◆ Task brief
Only the lines from the one with "Auf dem Weg" through the last line of the records below belong in your answer, reproduced exactly and with the pictures left out.

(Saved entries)
__________
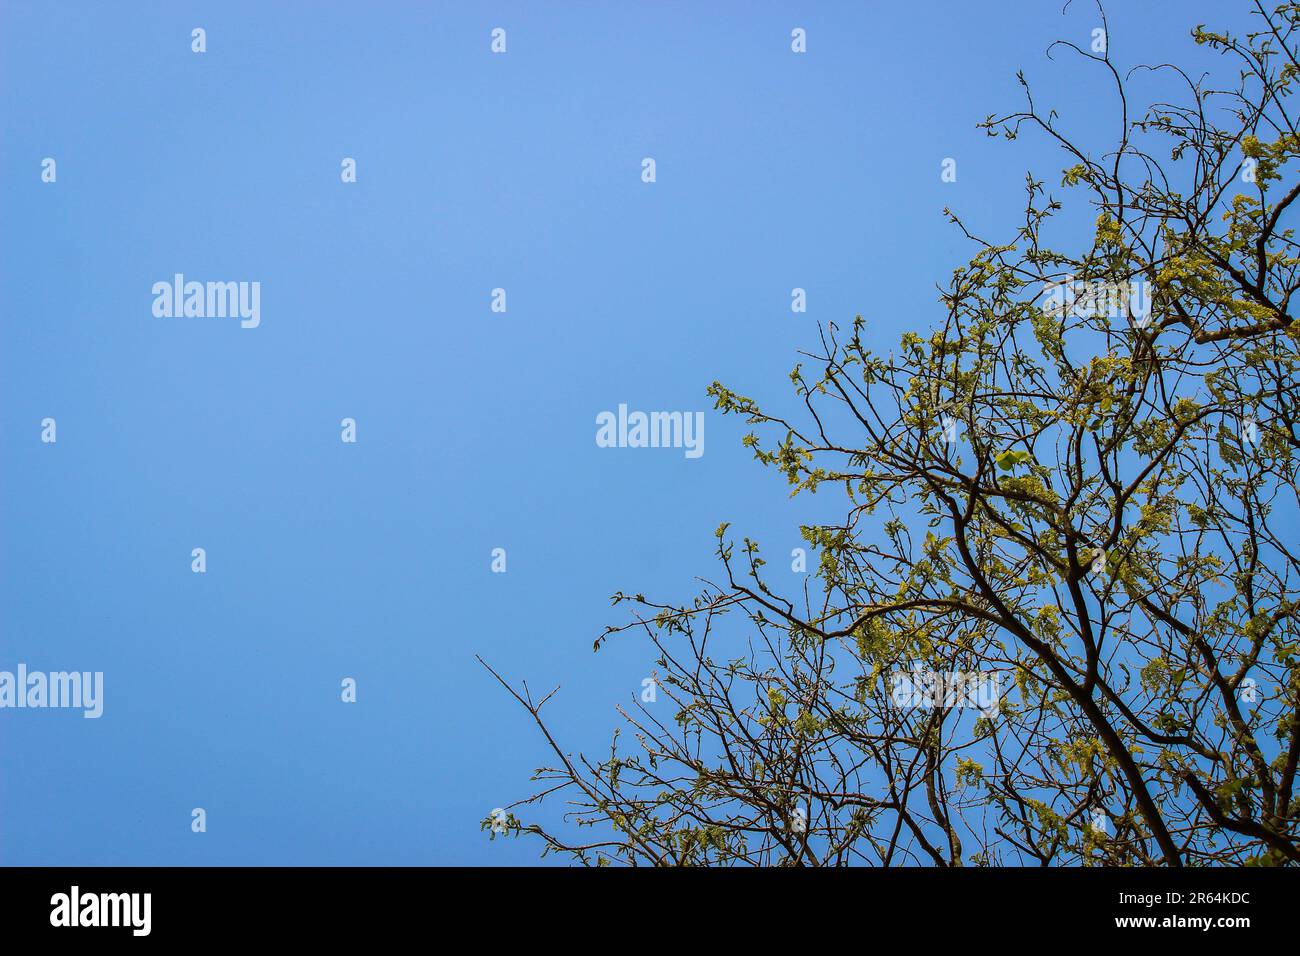 Wir klettern hoch zum blauen Himmel. Wunderschöner blauer Himmelshintergrund mit Baum auf der rechten Seite und offen auf der linken Seite. Für Publikationen, Designs, Poster, Cover. Stockfoto
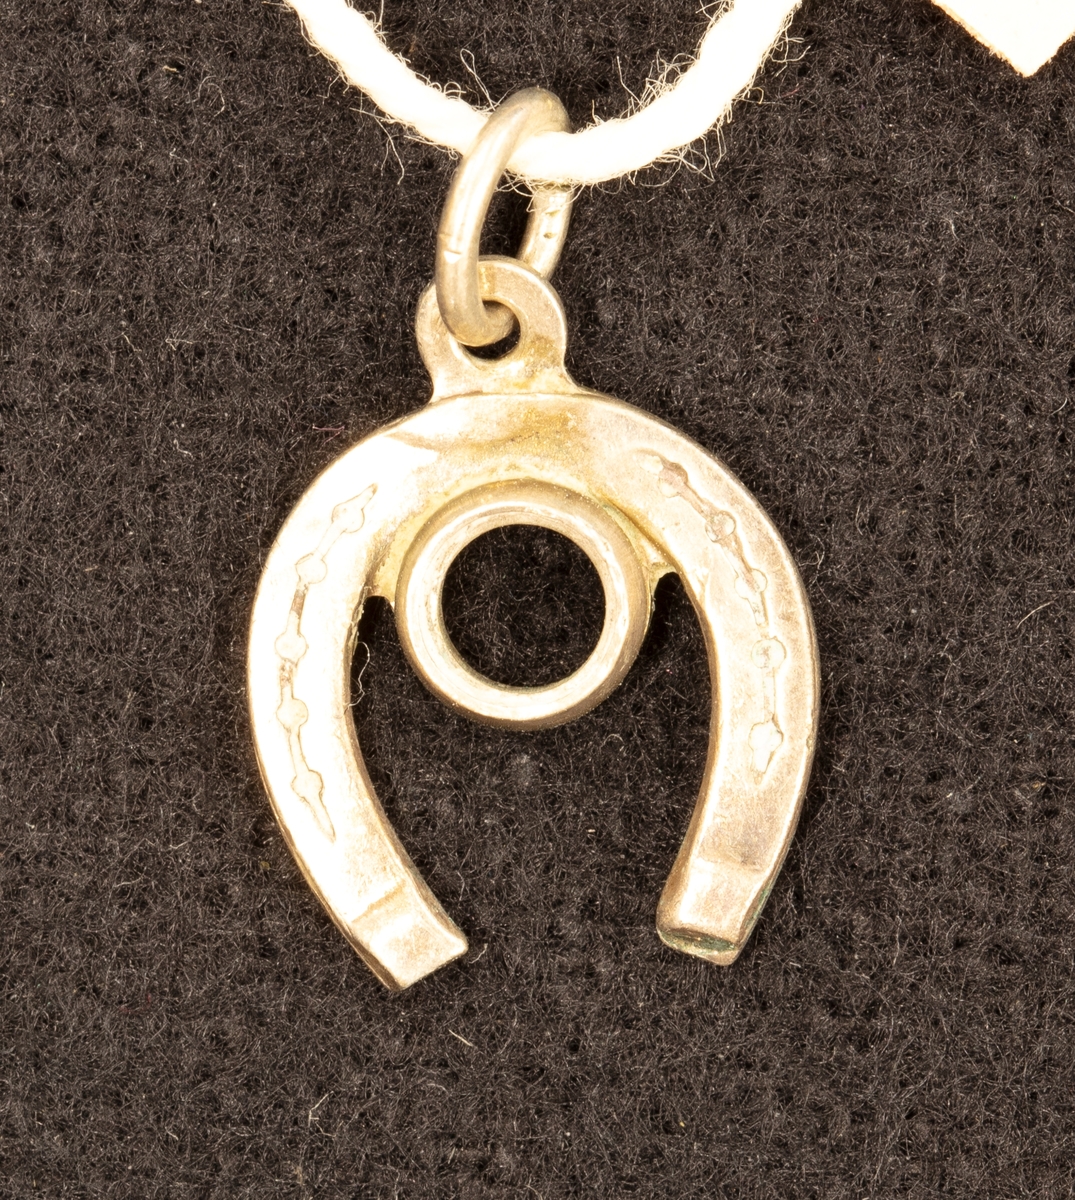 Hängberlock av silver i form av en hästsko med fäste för smyckesten. Diam. 1 cm.

Ingår i en samling smycken som givaren köpt på auktion eller hos antikhandlare.
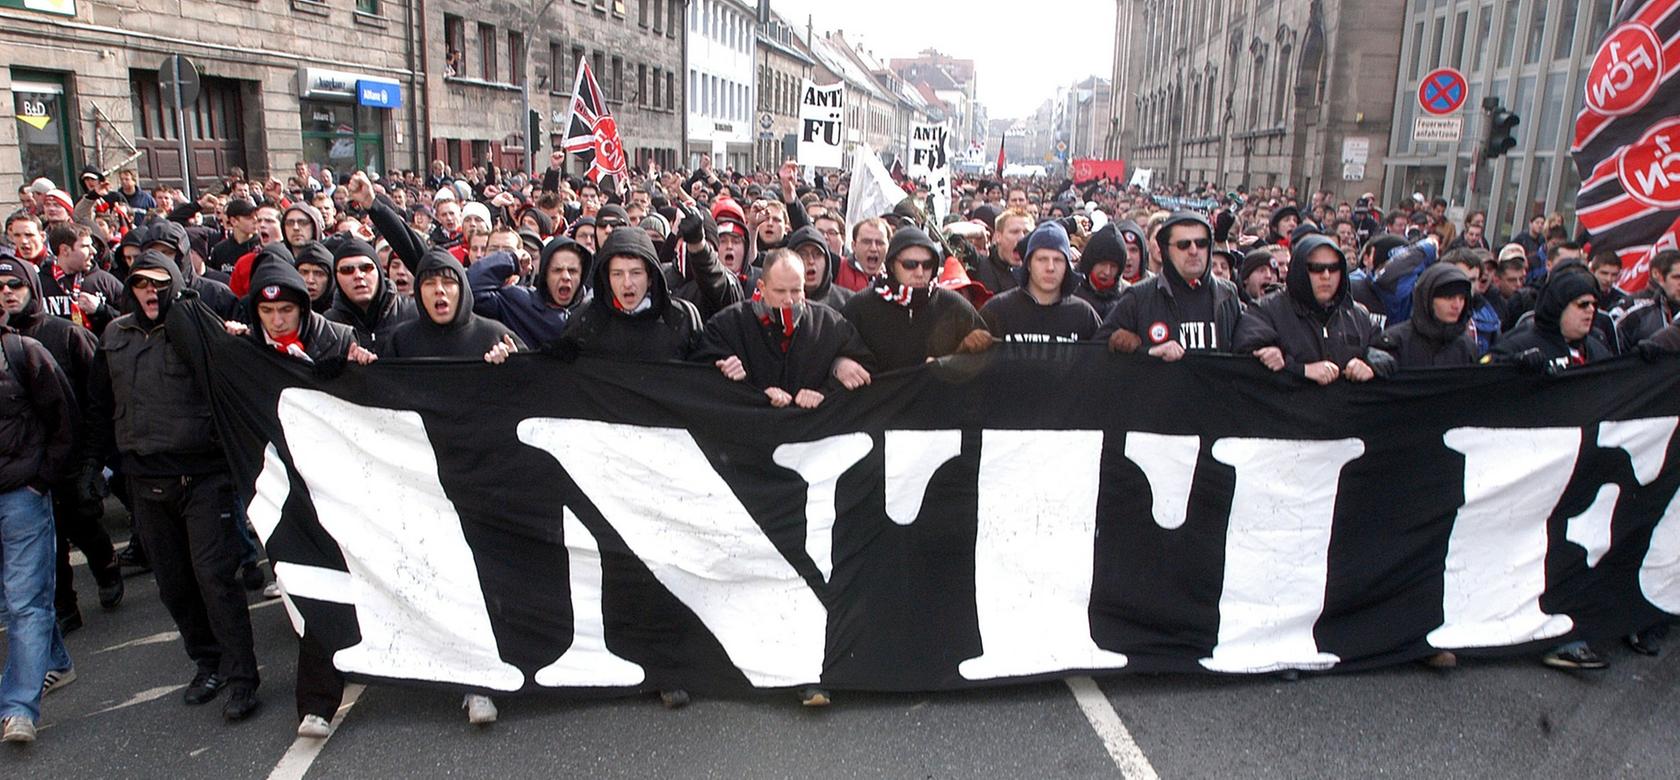 Auf dem Weg ins Stadion riefen die Fans im Jahr 2004 und 2009 Sprechchöre gegen Fürth und trugen ein großes "Antifü"-Banner vor sich her.
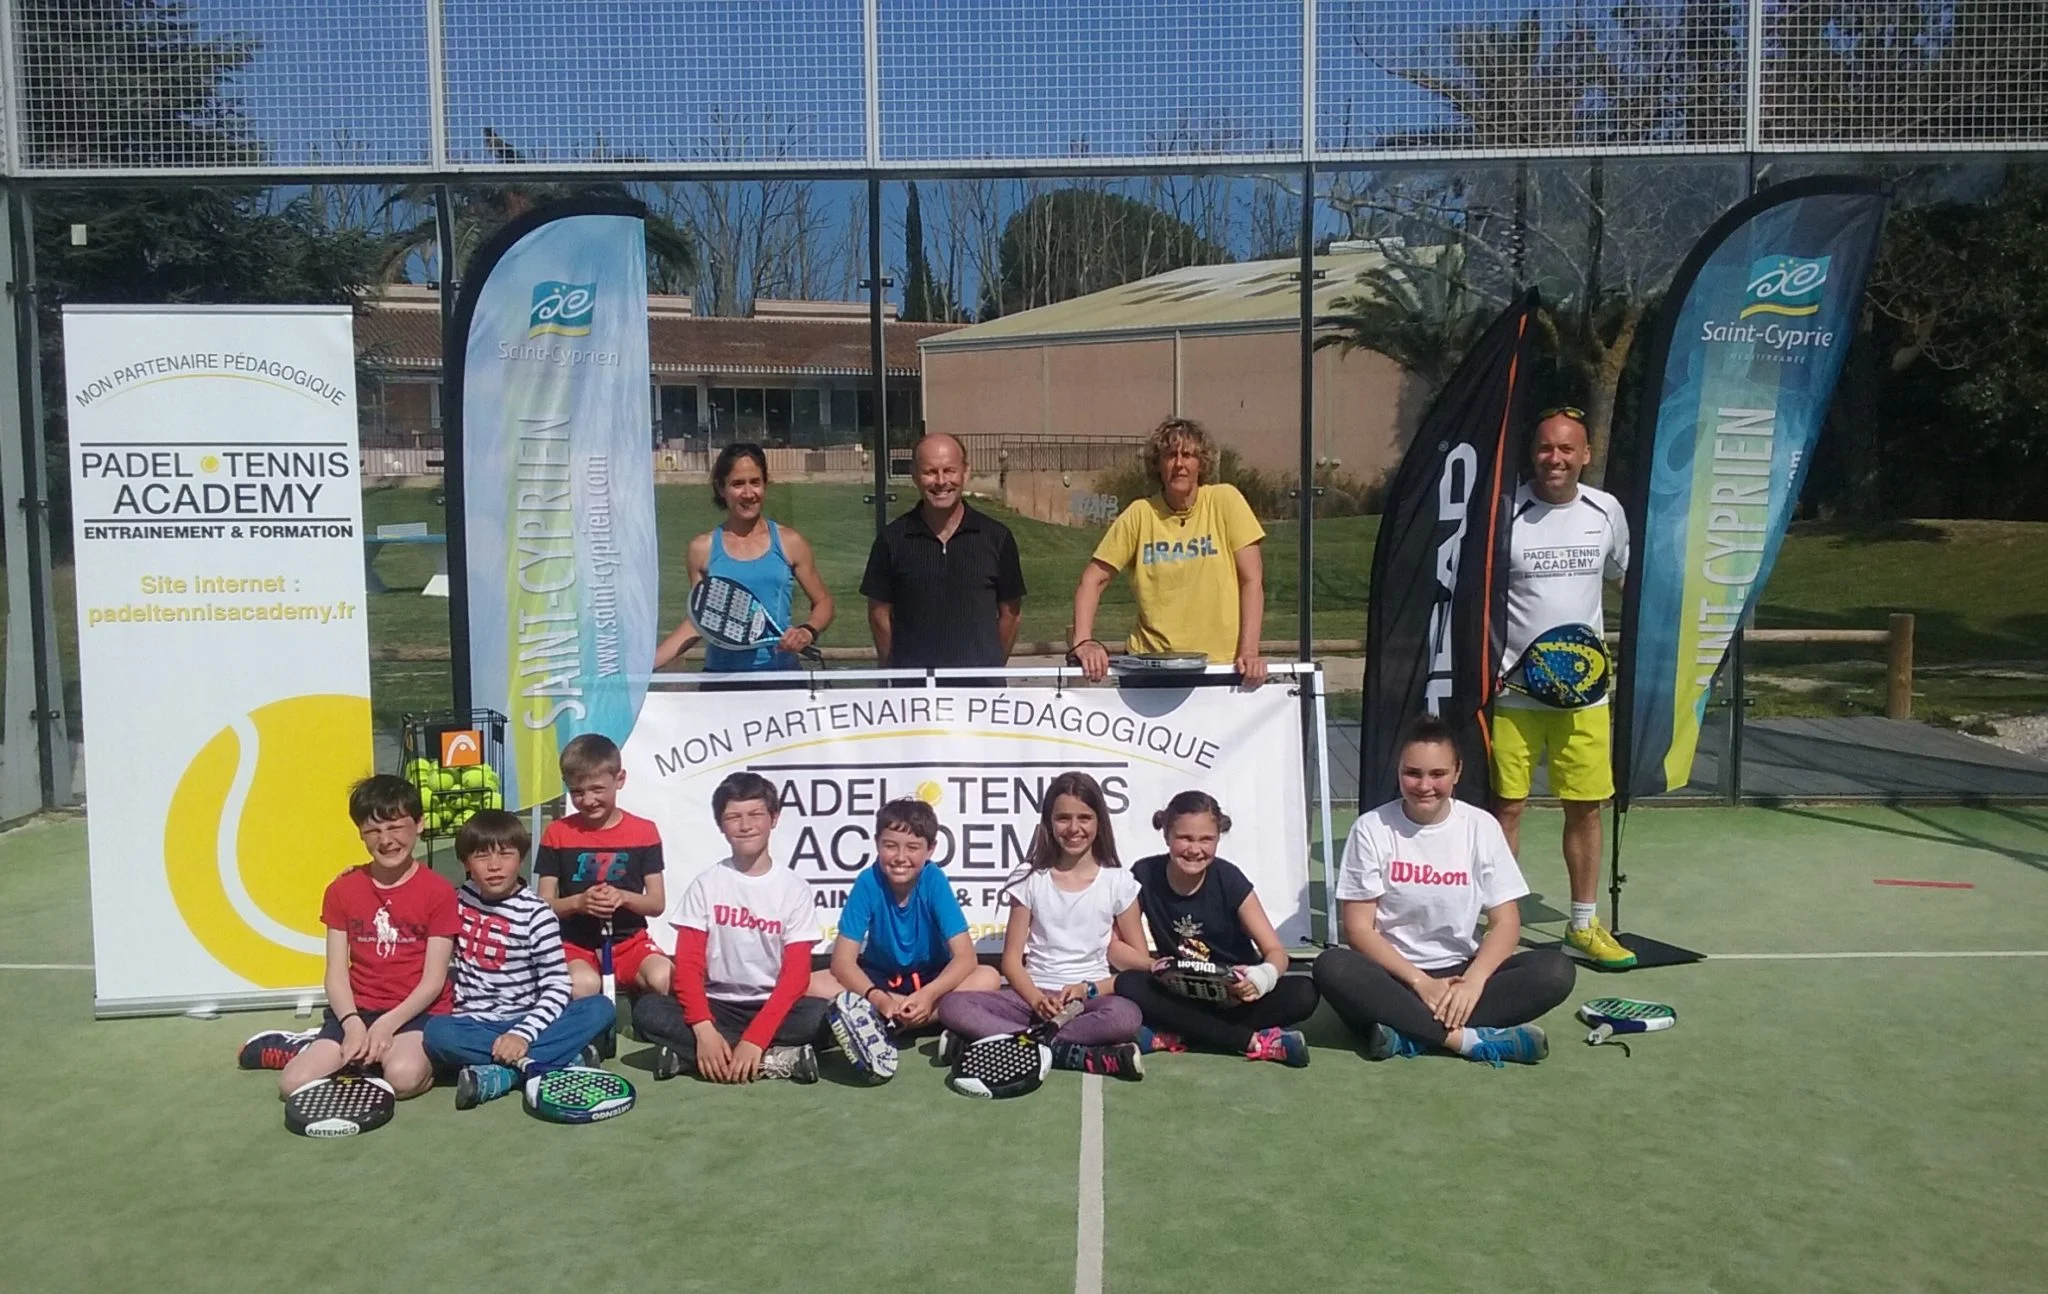 Saint Cyprien e Tarascon con Padel Tennis Academy
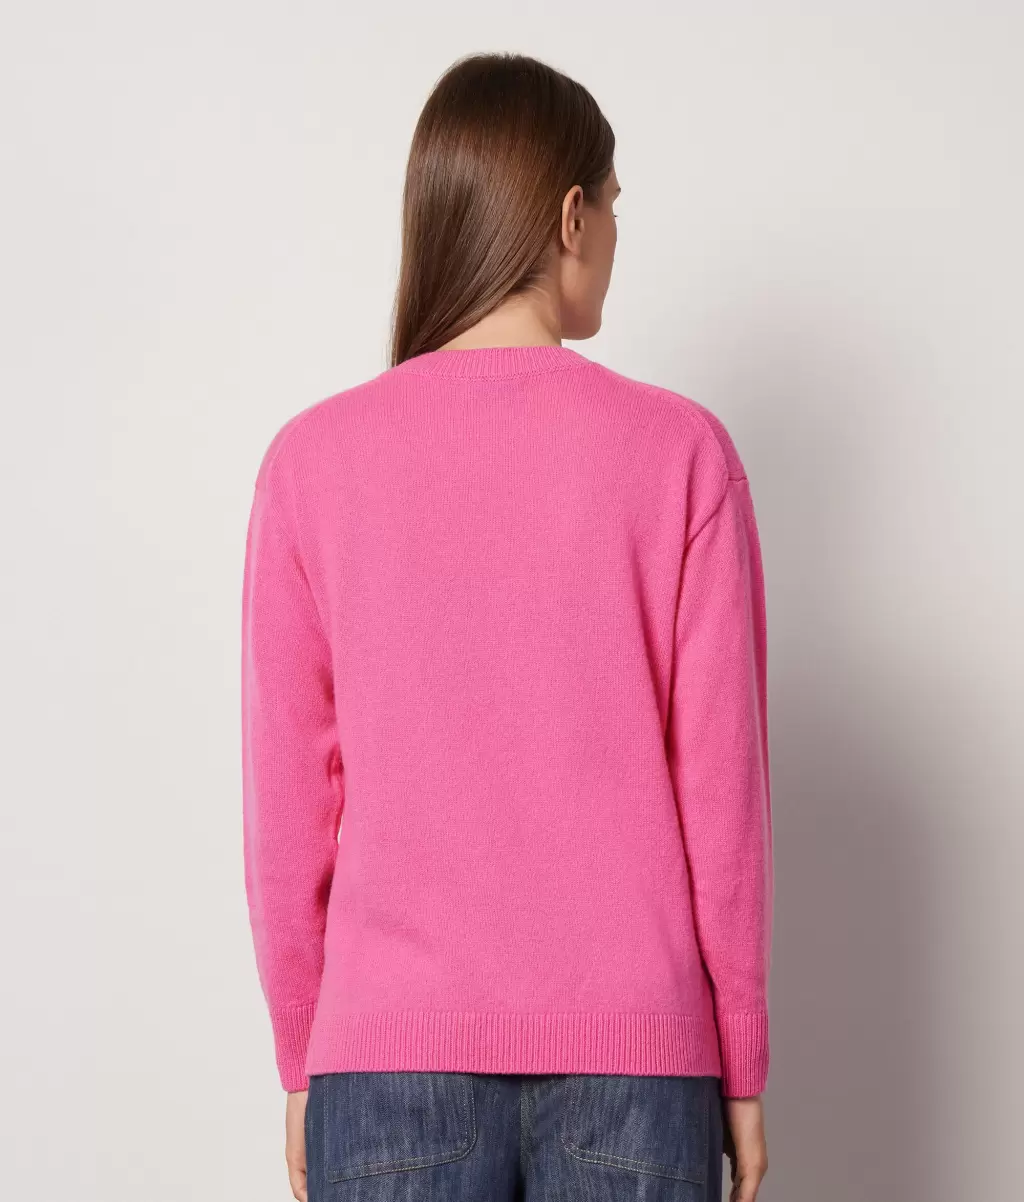 Pink Swetry Z Okrągłym Dekoltem Sweter Z Okrągłym Dekoltem Z Kaszmiru Ultrasoft Falconeri Kobieta - 2
__________
◆ Solution to this task
 Auf dem Weg ins Stadion riefen die Fans im Jahr 2004 und 2009 Sprechchöre gegen Fürth und trugen ein großes "Antifü"-Banner vor sich her.
 Saint Cyprien e Tarascon con Padel Tennis Academy
 Pink Swetry Z Okrągłym Dekoltem Sweter Z Okrągłym Dekoltem Z Kaszmiru Ultrasoft Falconeri Kobieta - 2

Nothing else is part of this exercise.